愛しい君へ
そして、着いた場所はわたしが住むには一生無縁だと思っていたタワーマンションだった。
見上げるだけで首が痛くなる高さだ。
「こちらの22階フロアが藤崎様のご自宅でございます。」
神崎さんはそう言うと、わたしにカードキーを差し出してきた。
わたしはそれを受け取ると、カードが鍵なんだ、と初めてのカードキーにある意味ドキッとした。
神崎さんは「それでは、失礼致します。」と言うと、高級車に乗り去って行ってしまった。
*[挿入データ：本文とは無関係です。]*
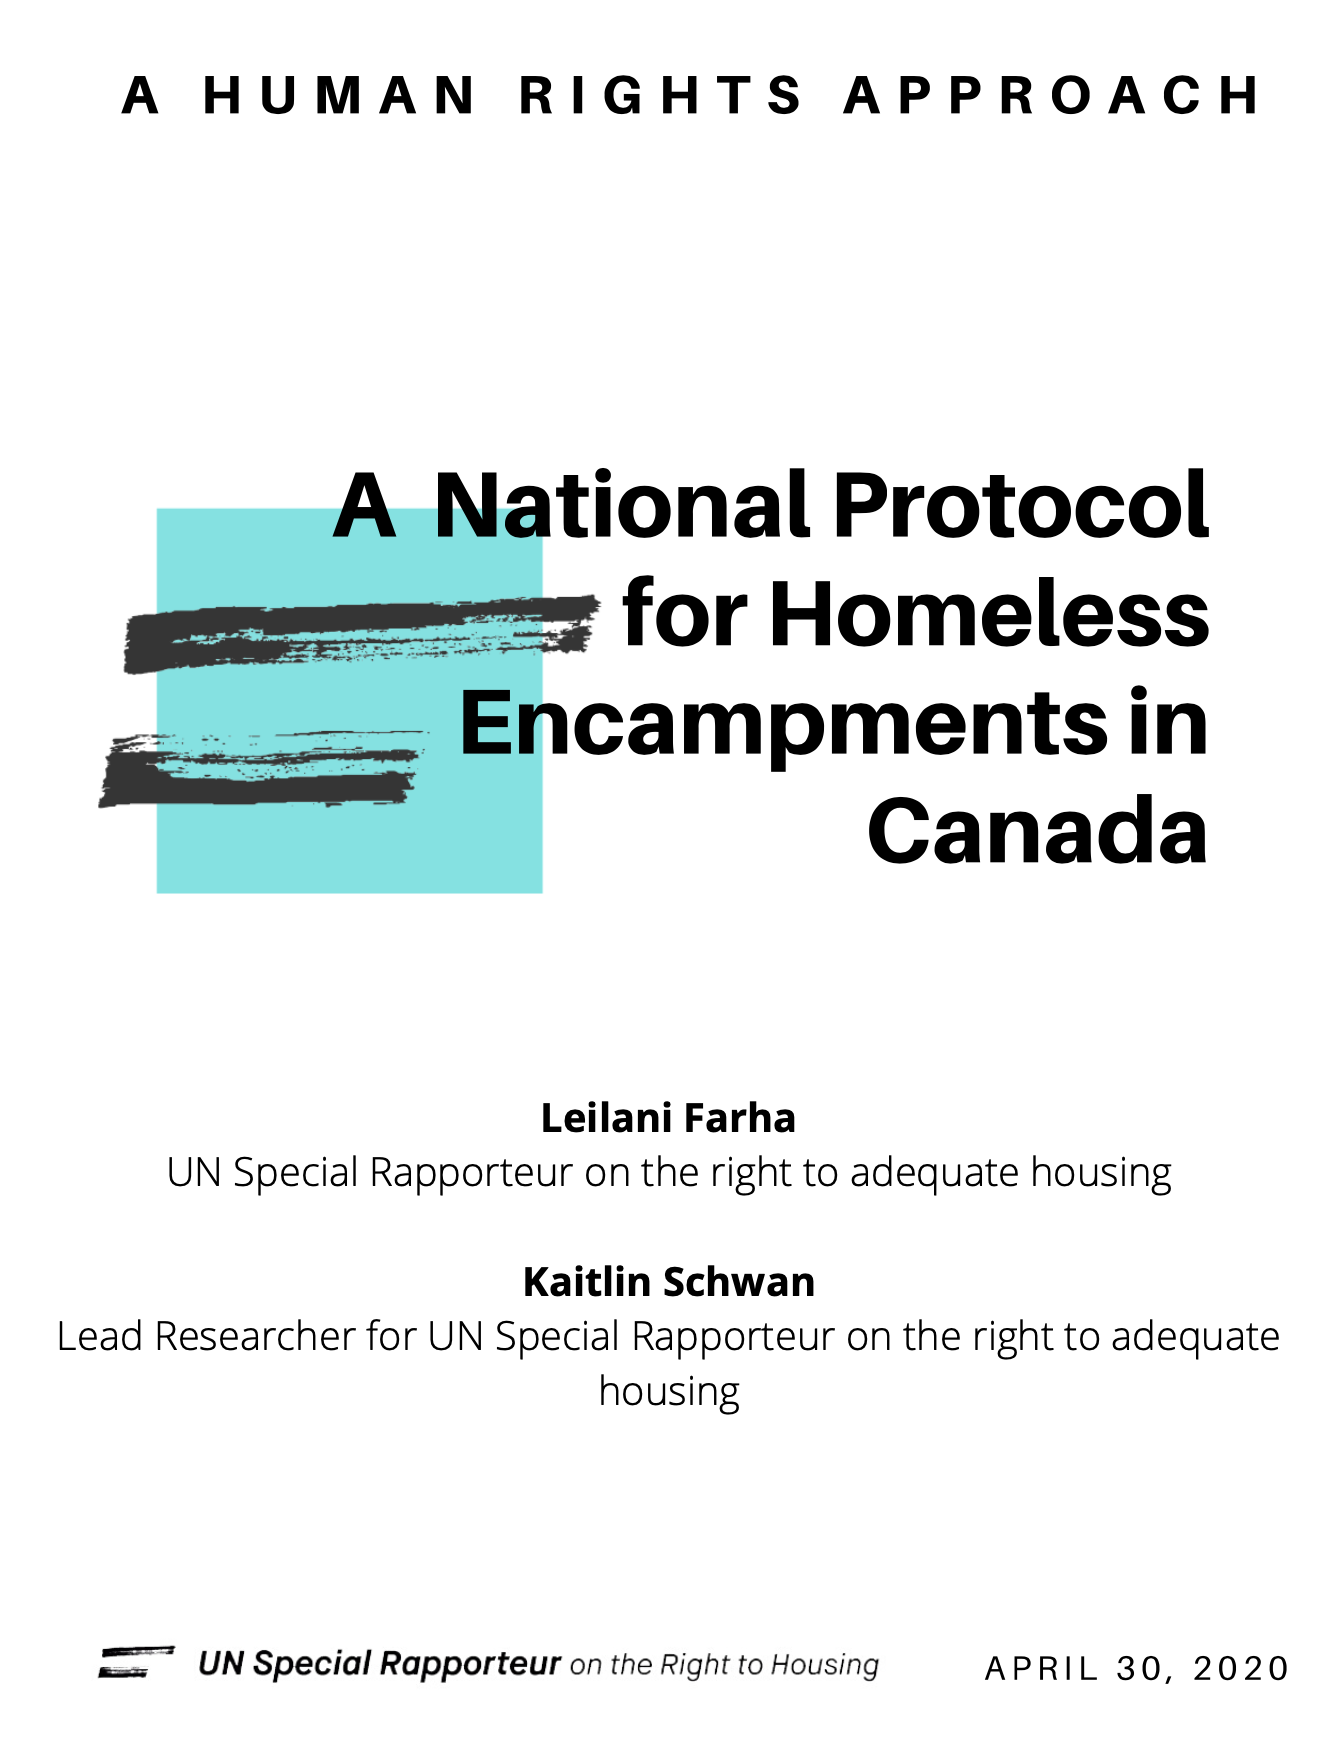 national-proposal-for-homeless-encampments-in-canada
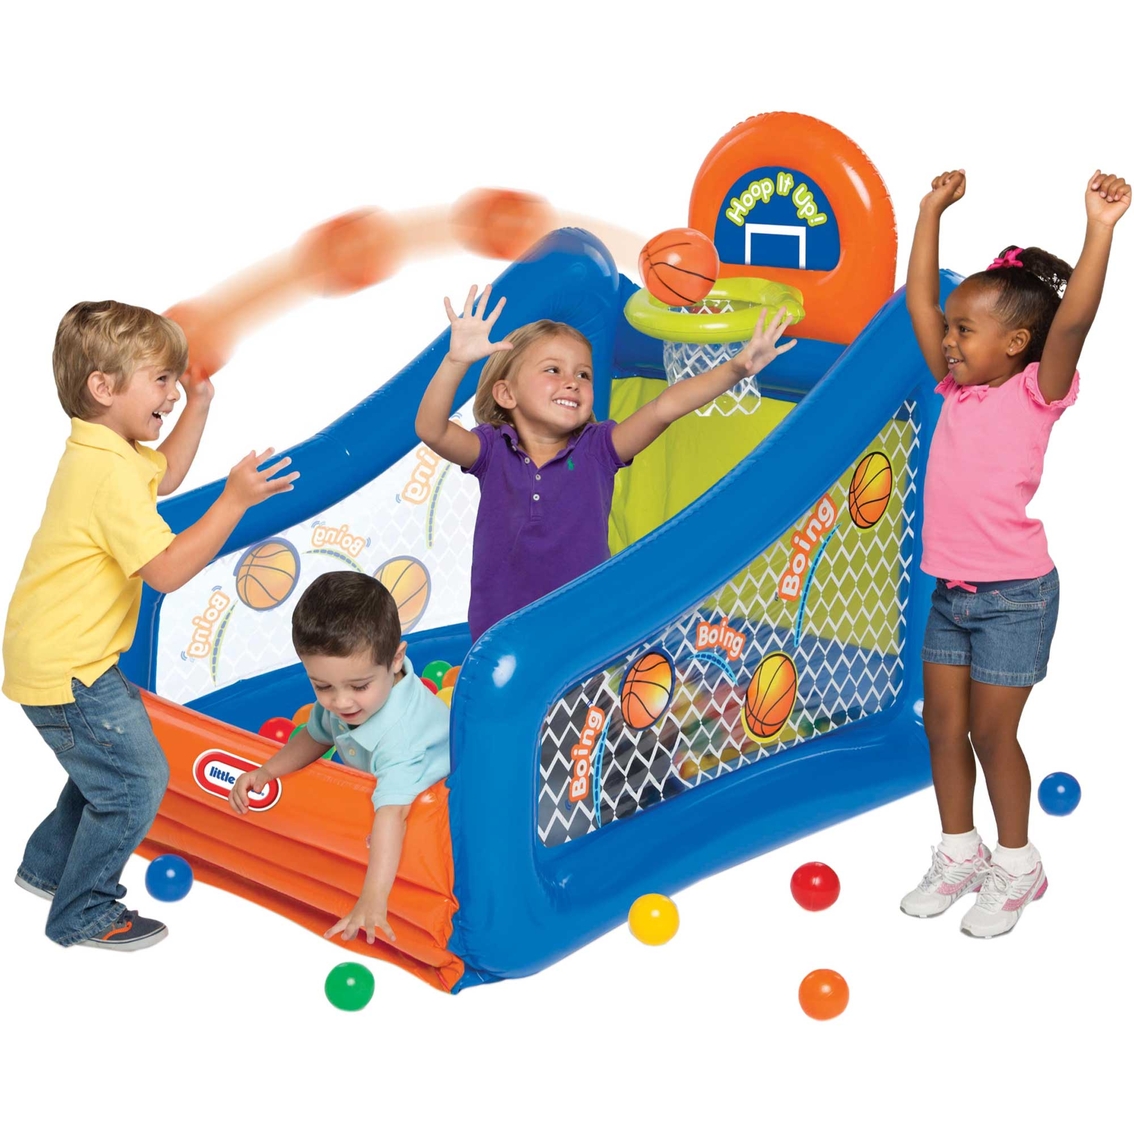 Little Tikes Hoop It Up! Play Center Ball Pit - Image 2 of 3
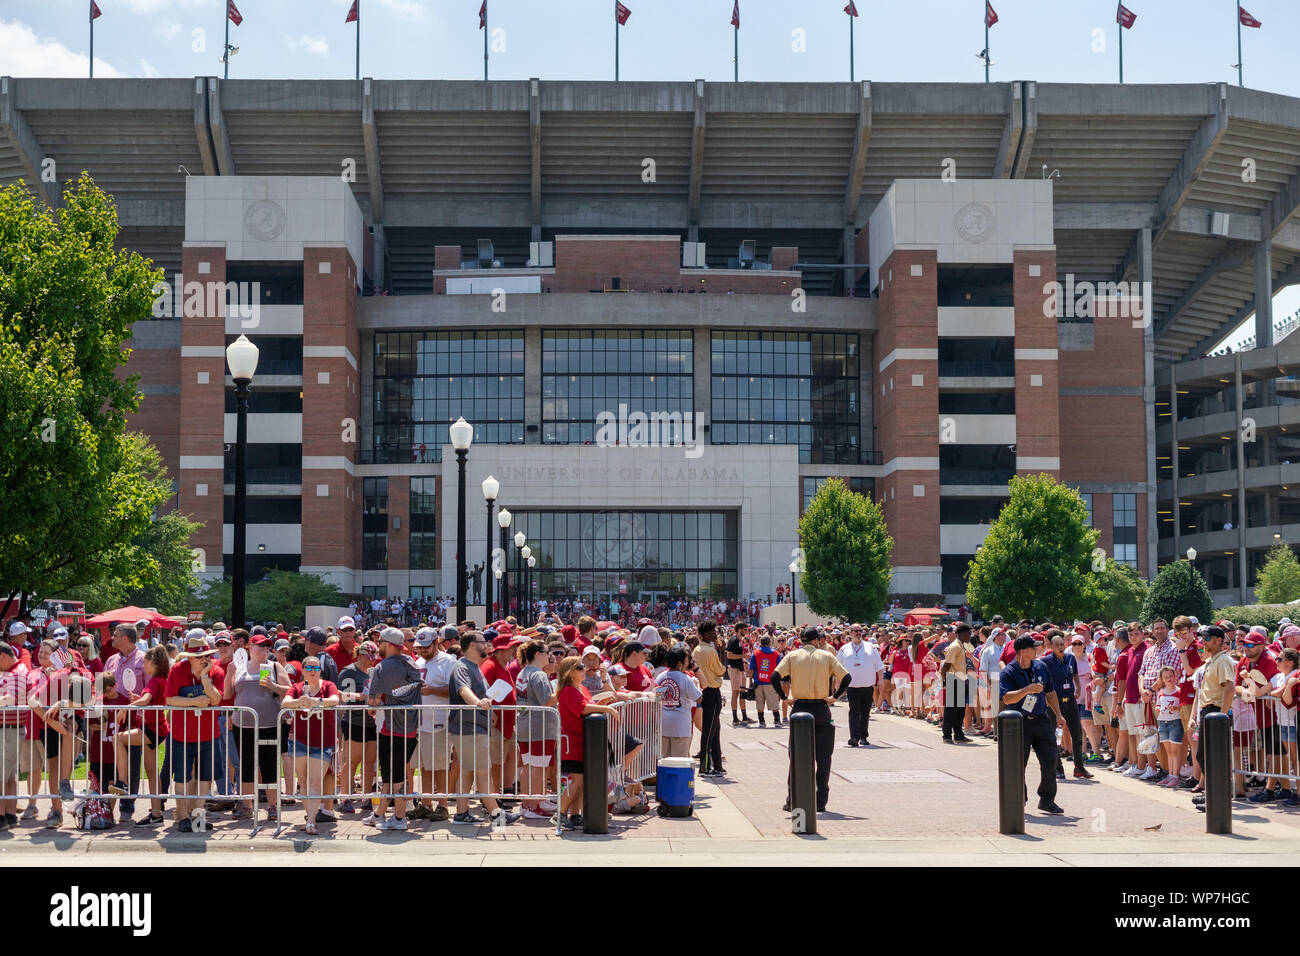 Tuscaloosa, Alabama, USA. 7th Sep, 2019. Fans line both sides of the main entrance to Bryant Denny Stadium in Tuscaloosa, Alabama waiting for the players to arrive. Despite temperatures in the 90's, a huge crowd was on hand for the Alabama vs New Mexico game on Saturday, September 7th, 2019. (Credit Image: © Tim ThompsonZUMA Wire) Stock Photo
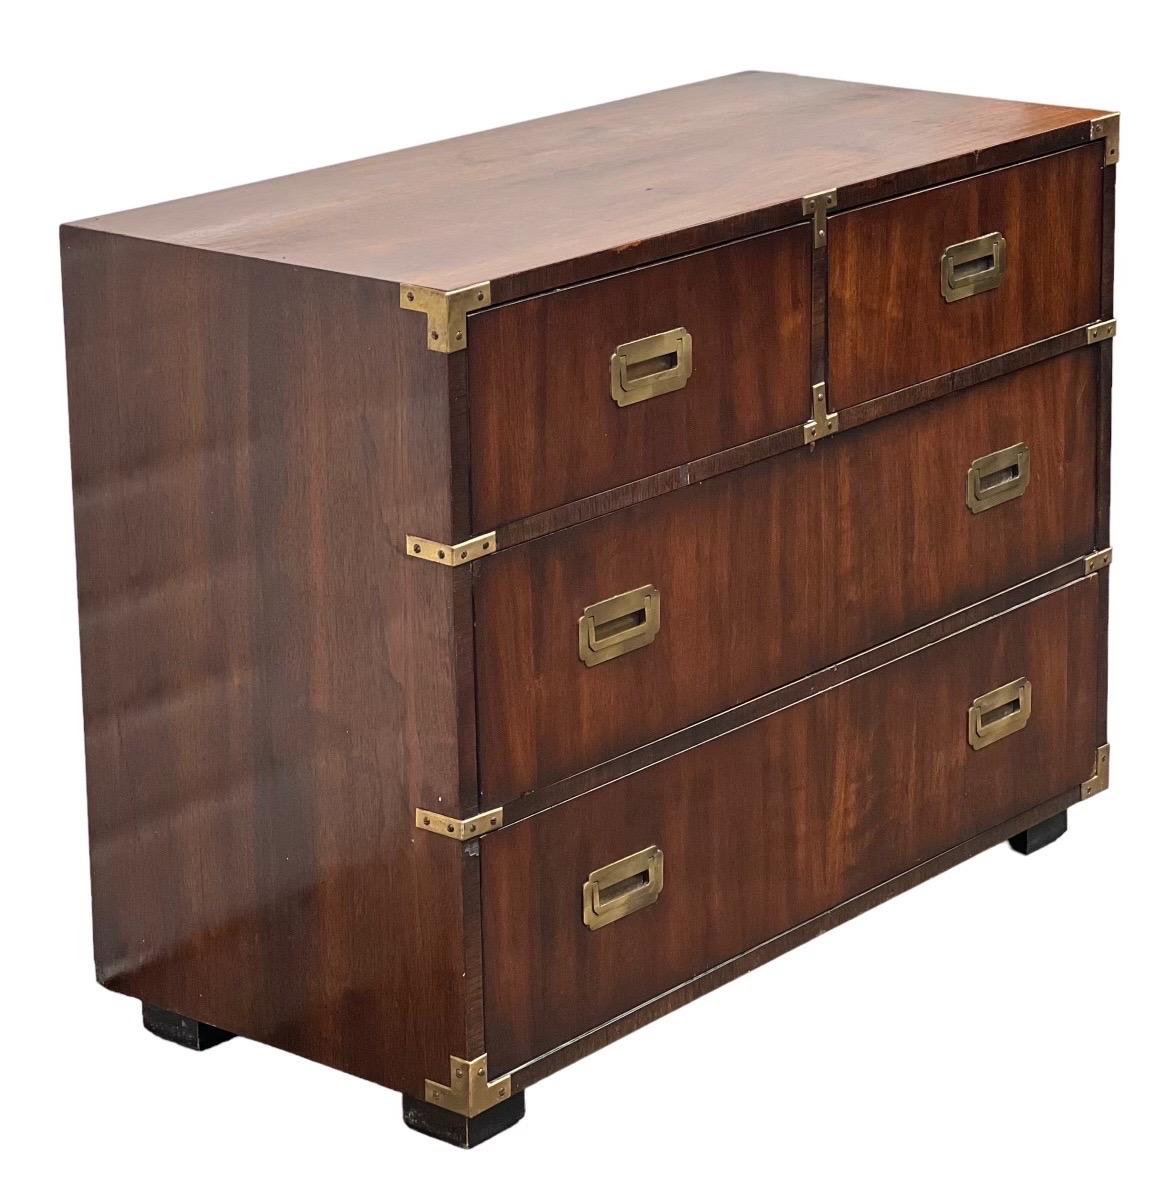 Wood Vintage Campaign Dresser by Lane, Dovetail Drawers
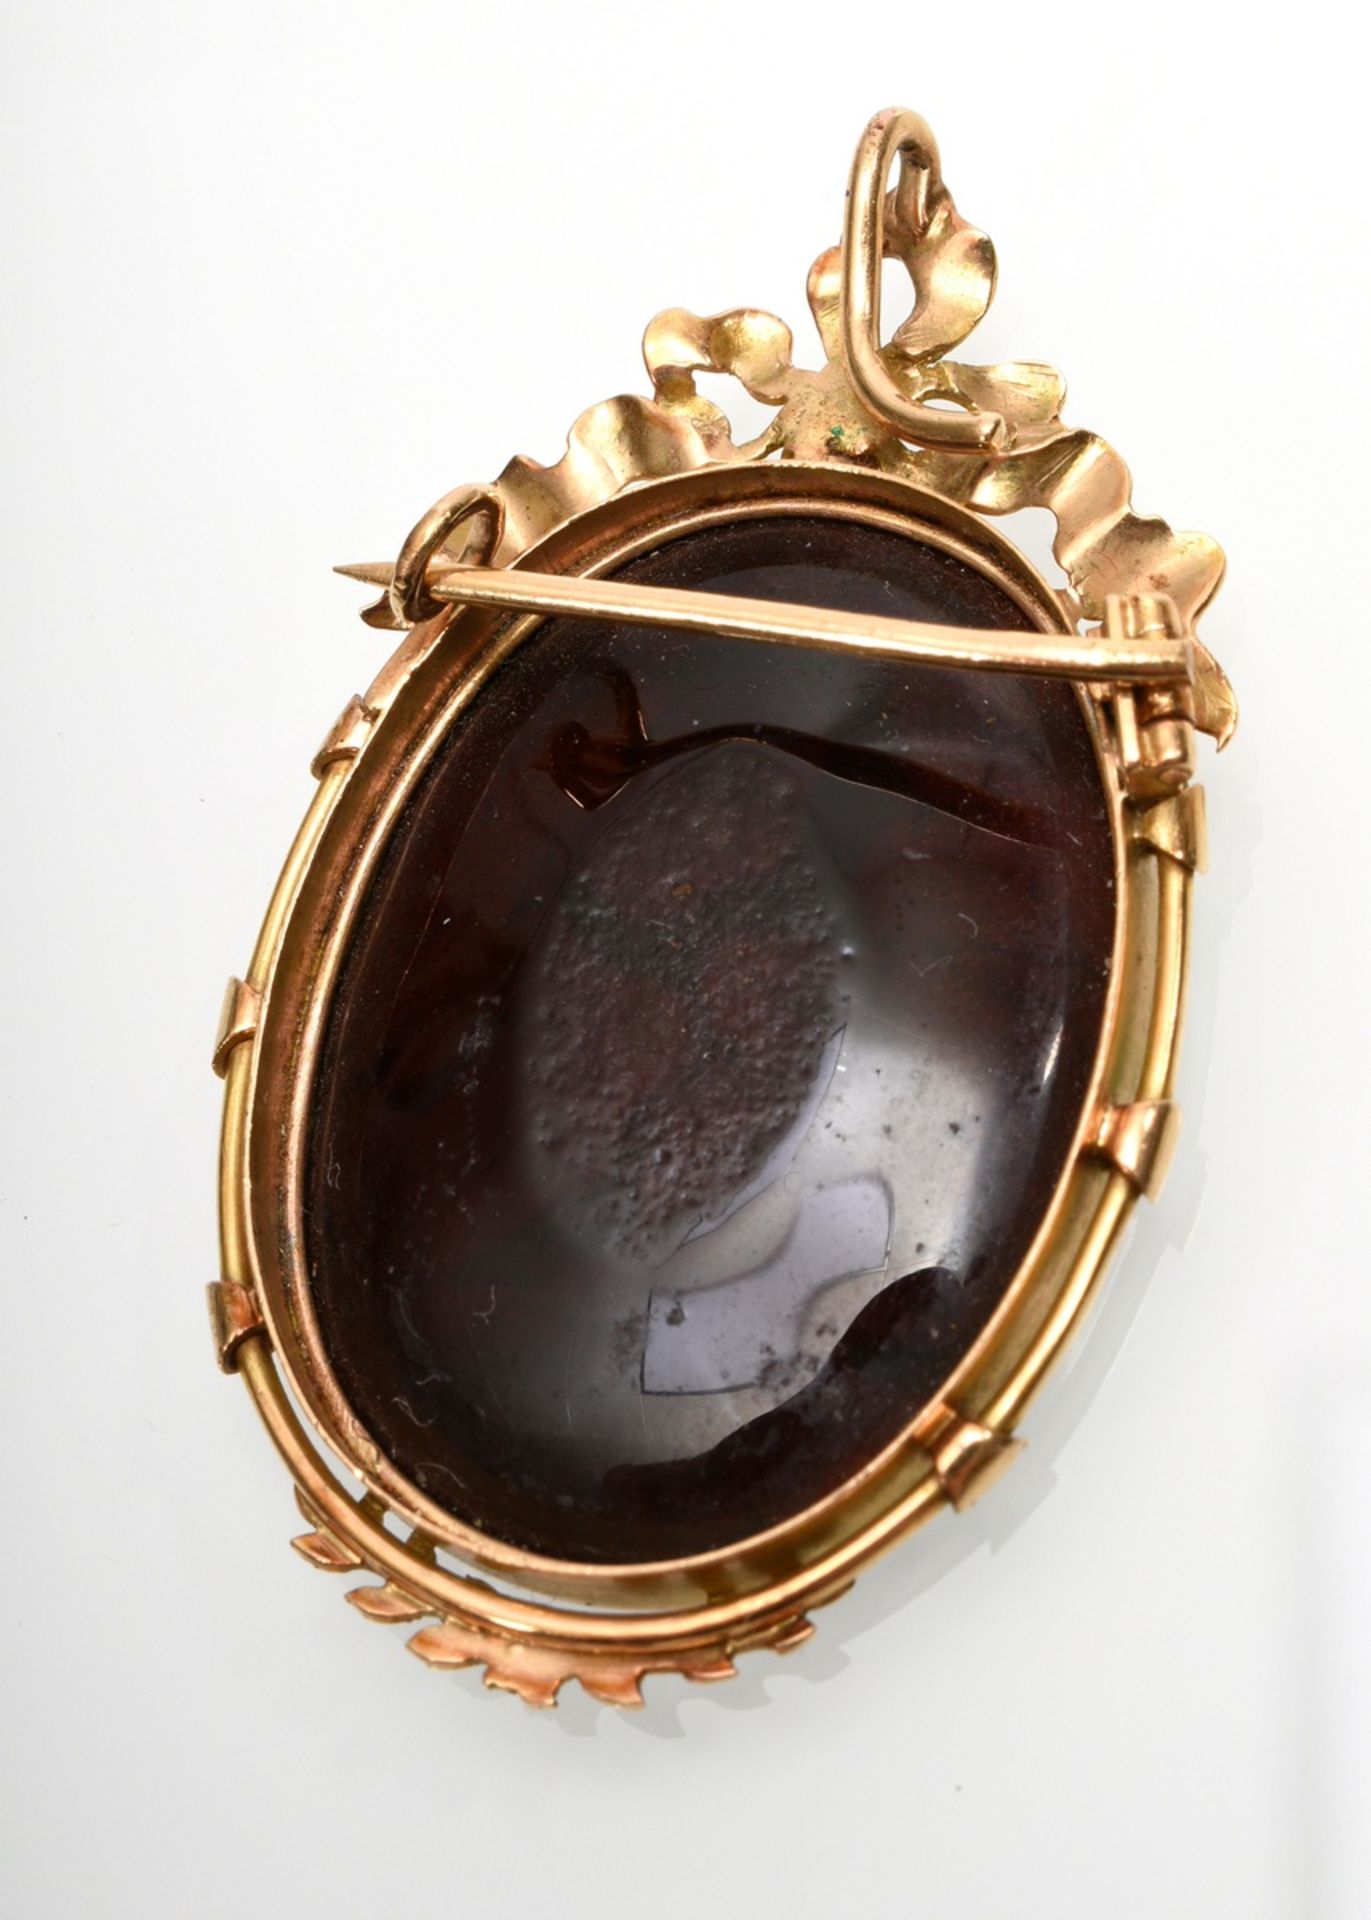 Delicate pink gold 585 pin pendant with fine enamel painting "Putto" on brown background, circa 189 - Image 3 of 3

見慣れぬ高級住宅街とタワーマンションを前に一人残されたわたし。
高級ホテルのようなエントランスを覗き込み、恐る恐る中へと入って行く。
すると、ガラスの両開ドアの横にカードキーを差し込むところがあり、さっき神崎さんに貰ったカードキーを差し込んでみる。
すると、分厚いガラスの両開ドアが開いた。
開いた、、、
当たり前のことかもしれないが、初めてのことでいちいち驚いてしまう。
開いたドアを潜り抜け、右に曲がると大きな扉のエレベーターがあった。
わたしは上向きの矢印を押す。
エレベーターは15階で止まっており、降りてくるまでに時間がかかり待ち時間が長かった。
やっと1階まで辿り着いたエレベーターは、大きく扉が開く。
わたしはエレベーターに乗り込むと、たくさん並ぶボタンの中から「22」を探し、そっと「22」のボタンを押した。
すると、エレベーターの扉は閉まり、ゆっくり過ぎる程の速度で上へ上へと上っていった。